The suggestion that everyone is susceptible is a myth
In spring 2020, the rise — and then uninterrupted decay — of the Covid wave formed the shape of a classical mathematical distribution: the Gompertz curve. A Gompertz curve is characterised by a constant rate of slowing. For example, bacteria will replicate in a petri dish very rapidly at first, but as nutrients and space diminish the rate of replication will slow until no more replication is possible.
In the case of Covid, the slowing occurred because there were fewer and fewer susceptible people in the population for the virus to infect. The expectation that this could only happen when more than 60% of people had been infected was proved wrong. Prior immunity had not been accounted for and the vast majority of the population were immune to the Wuhan variant. Herd immunity for that one variant was reached when only 7% of the population had been infected and developed antibodies. Claims that we had reached herd immunity at that time were incorrect in the long term (because of the arrival of new variants), but were correct with respect to the Wuhan variant.

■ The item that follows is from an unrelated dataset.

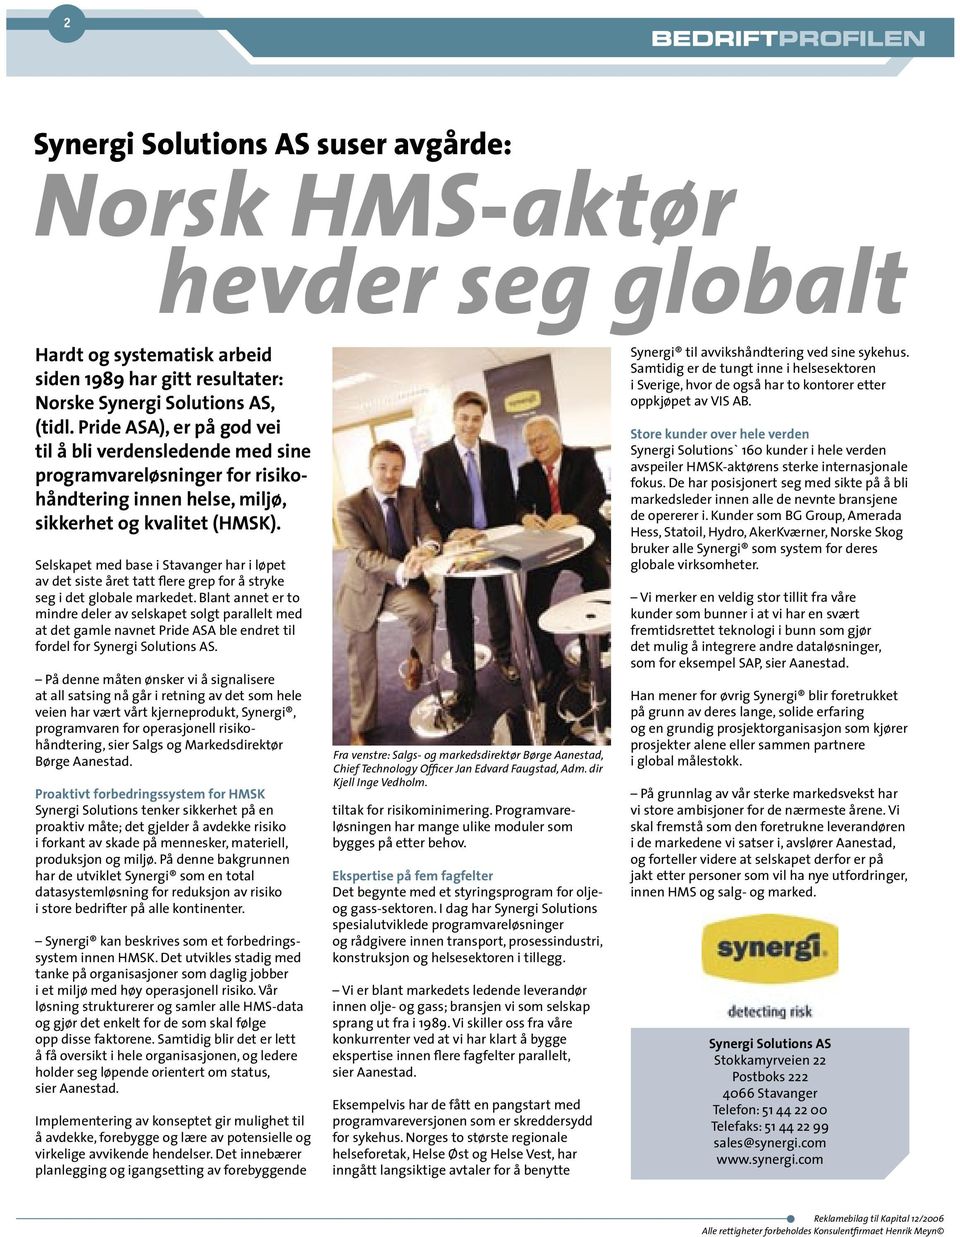 Selskapet med base i Stavanger har i løpet av det siste året tatt flere grep for å stryke seg i det globale markedet.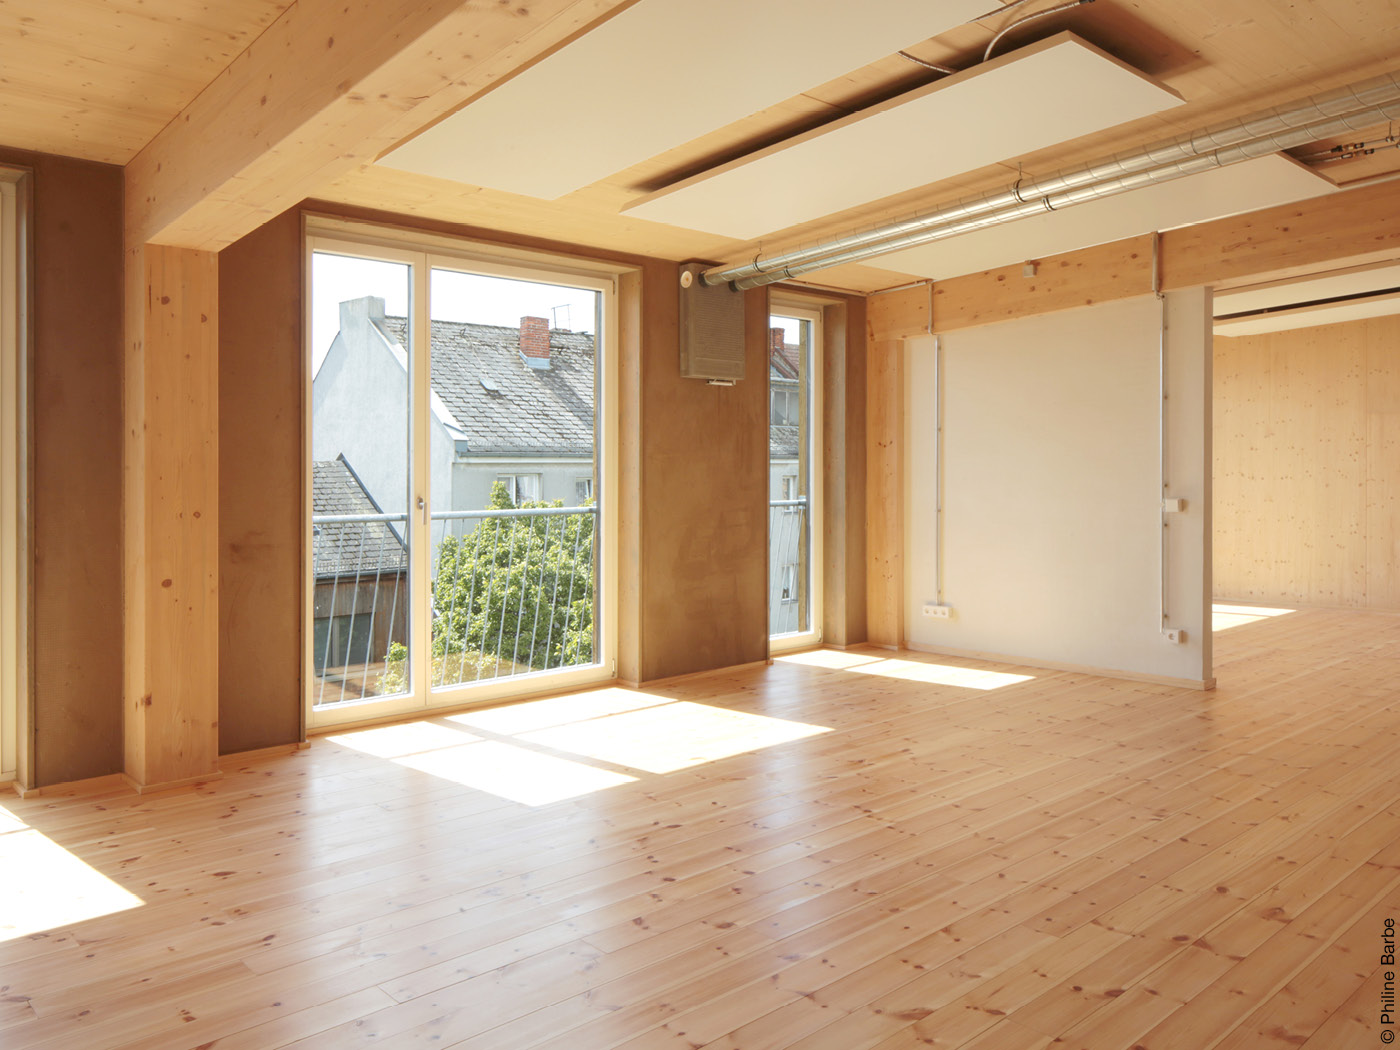 Lichtdurchfluteter Raum mit bodentiefen Fenstern und Holzvertäfelung.

Subsequent variants have produced waves of similar size and duration and with a similar characteristic deceleration as the susceptible population reduces. People infected with a previous variant likely do not materially slow the spread of a subsequent variant because they are likely just bystanders, though may suffer mild symptoms and could be involved in transmission. Spread of materially symptomatic disease only occurs between the 5-15% who are susceptible..
The Gompertz distribution is not the only evidence that only 5-15% of the population are susceptible to each variant. Influenza shows similar patterns with only 5-15% of the population being susceptible to each variant (strain). Given the apparent replacement of influenza with SARS-CoV-2 since spring 2020, 2 weeks earlier in Italy than in the UK and Sweden, there may be reasons to look more closely at the influenza model.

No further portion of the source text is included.